Он хвастался перед соседями успехами Фридриха. Он доволен, что Фридриху везло не только по службе, но и в личной жизни. Он женился. Симпатичная преданная жена. Один за другим дети - сын и дочь.

Сын - вылитая мать, дочь - отец, такая же худощавая, рослая, задумчивая, сдержанная. Семья - пример многим, дети - пример послушания, дом - скромный, но такой же теплый и уютный, как дом отца, как дома дедушек и прадедушек.

Жить бы и радоваться!…

Если бы…

Если бы не то, что случилось…

НЕВЕСЕЛЫЕ РАЗМЫШЛЕНИЯ В УТРЕННИЙ ЧАС

- Хайн!

Молчание. И еще раз:

- Хайн! Ты спишь, медвежонок?

Снова молчание и легкое похрапывание, доносящееся из клетушки, отгороженной фанерной переборкой от подвальной комнаты.

- Бог с тобой! - Генерал-полковник в длиннополой шинели, небрежно накинутой на плечи, постоял около грубо сколоченной двери и принялся шагать из угла в угол.

"Да, - думалось ему, - когда я был в возрасте Хайна, я тоже любил поспать. Впрочем, меня никогда не стаскивали с кровати за ноги. Ведь я был такой примерный, такой послушный мальчик!…"

Побродив по комнате, генерал-полковник присел к письменному столу. Слева на отсыревшей стене висела карта фронта. Он проходил в черте большого города, расположенного на Волге. Жирная линия, выведенная цветным карандашом, начиналась на северной окраине, чуть подальше того места, где остров делил реку на два рукава, потом шла по западным предместьям и снова утыкалась в реку на юге.

Таким образом, линия фронта как бы огромной подковой огибала город. Мельком взглянув на карту, генерал-полковник нахмурился. Он командовал армией, зажатой внутри этой подковы. Хуже всего было то, что подкова неотвратимо сжималась, а все попытки генерала и его солдат раздвинуть ее и выйти на оперативный простор неизменно кончались неудачами. Впрочем, еще тлела надежда на помощь извне.

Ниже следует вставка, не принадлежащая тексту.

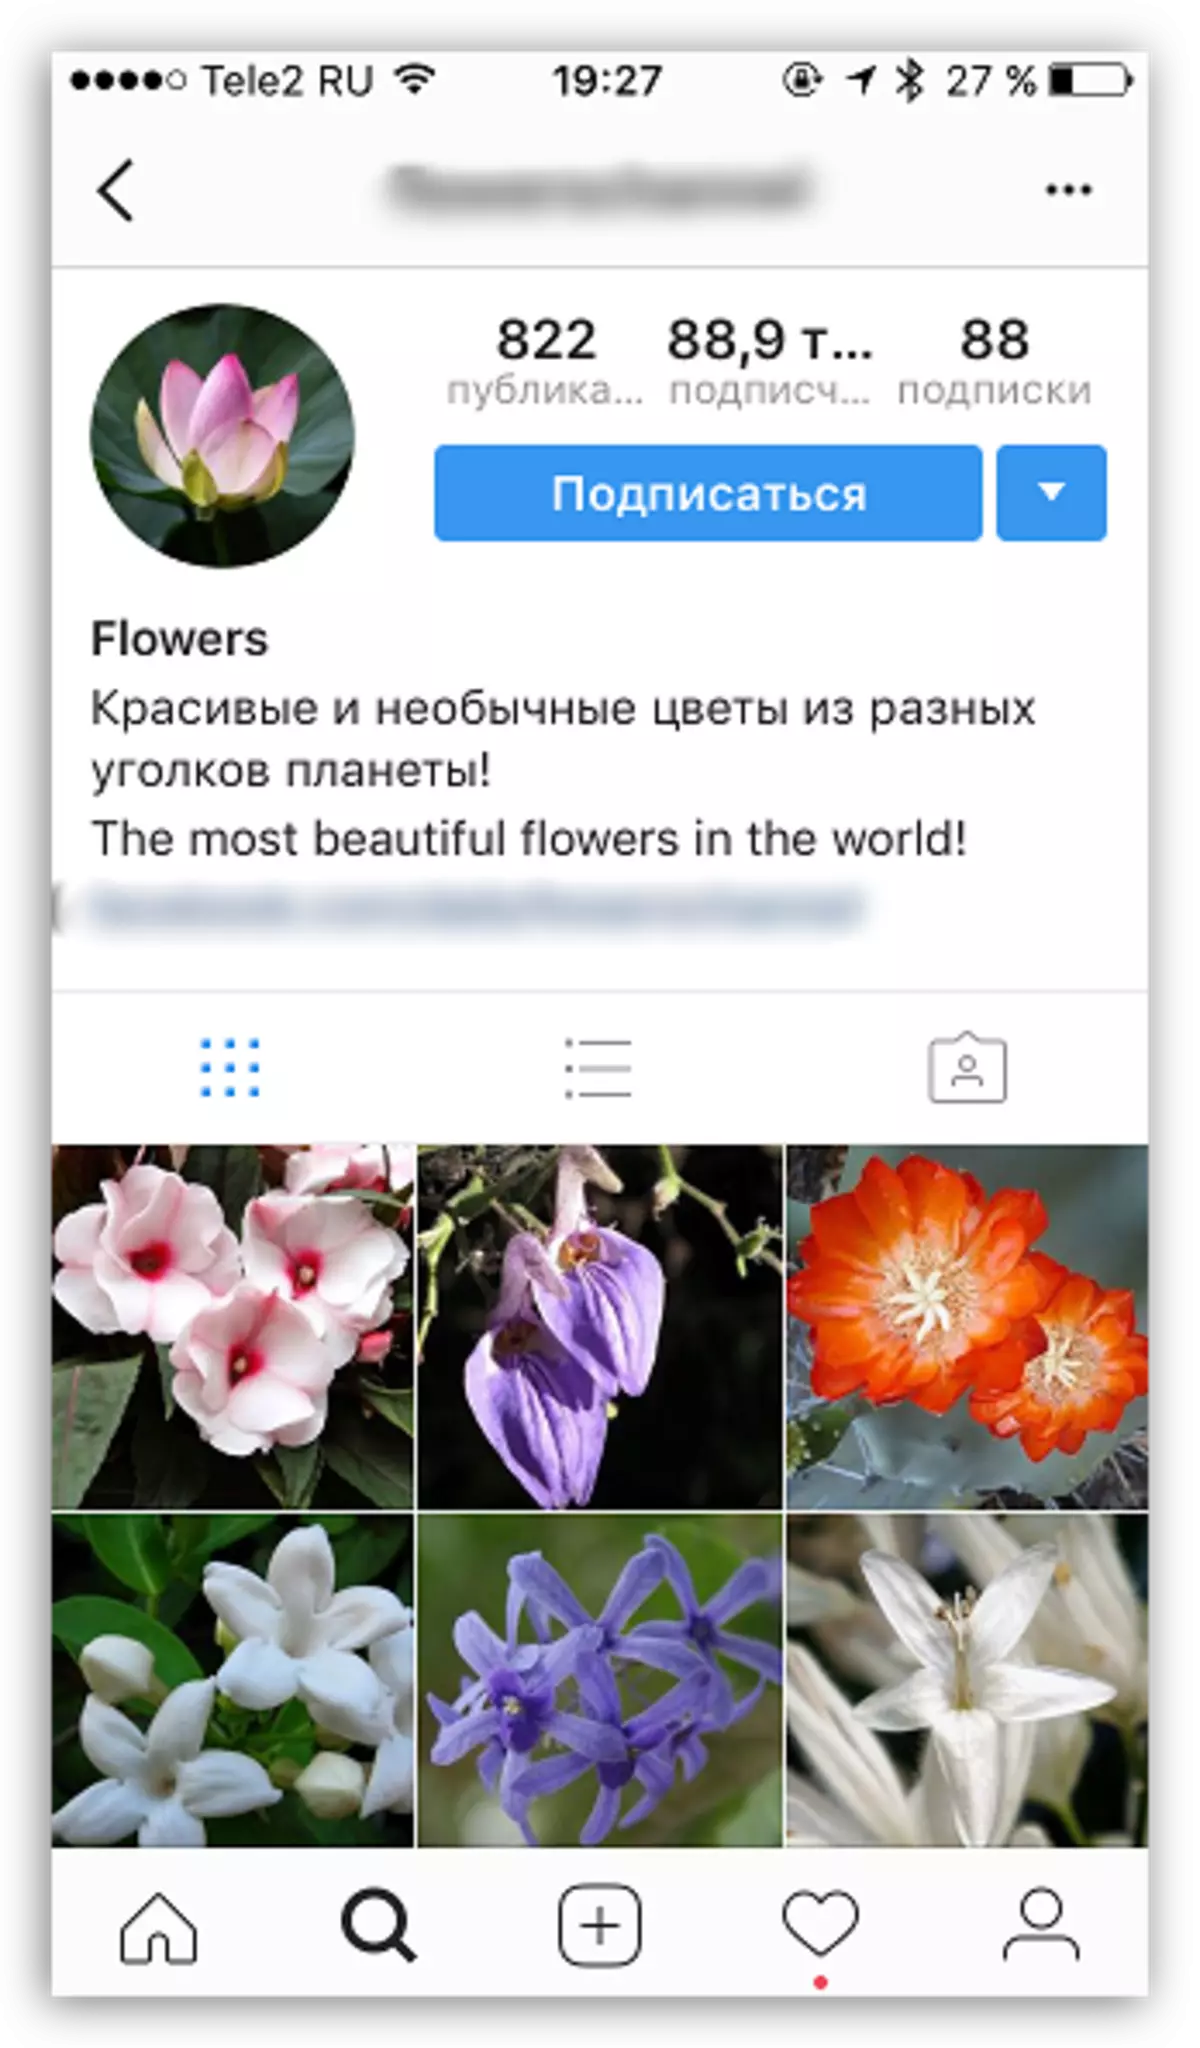 Sådan promoveres profil i Instagram

Генерал-полковник долго смотрел на карту, не видя ее. Он размышлял о том, как и почему случилось так, что он сам и его огромная армия, так неудержимо катившаяся к Волге, не только застряли здесь в кровопролитных боях, но и оказались в железном кольце русских войск? В чем был просчет, почему не сбылись стратегические замыслы высшего командования?

Это что-то невероятное!

Вот разрушен этот город. Ужасны его развалины! В течение считаных недель было разбито, разворочено до нутра, перекручено и опрокинуто вверх дном то, что создавалось людьми в течение многих десятилетий, что было источником радости, основой и смыслом жизни.

Здесь каждый вершок земли не остался самим собой. Он вздыблен, перевернут, обращен в прах. Громадное пространство, занимаемое городом и его предместьями, полито человеческой кровью.

Однажды генерал-полковник ехал мимо кладбищ, где в огромных ямах лежали его солдаты. Он никогда не забудет этого зрелища. Тысячи трупов, тысячи крестов с касками наверху! Это несколько армий, которые ринулись бы дальше, опрокинь генерал русских в Волгу. Но его солдаты были уничтожены на подступах к городу и в самом городе, который они гак и не смогли взять.

Источенные пулями и осколками снарядов стены домов, мирные заводские дворы, каждый из которых стал полем неслыханно свирепых схваток, развороченные внутренности цехов, разнесенные железнодорожные пути, пробитые насквозь нефтяные цистерны, товарные и пассажирские вагоны, вздыбленные разрывами снарядов, налезшие друг на друга, сброшенные на землю силой взрывной волны…

Тут нога человеческая торчит из-под груды битого стекла, там судорожно сжатые пальцы высовываются из-под земли… Все это видел генерал-полковник, когда по глубоким ходам сообщения посещал то одну, то другую дивизию.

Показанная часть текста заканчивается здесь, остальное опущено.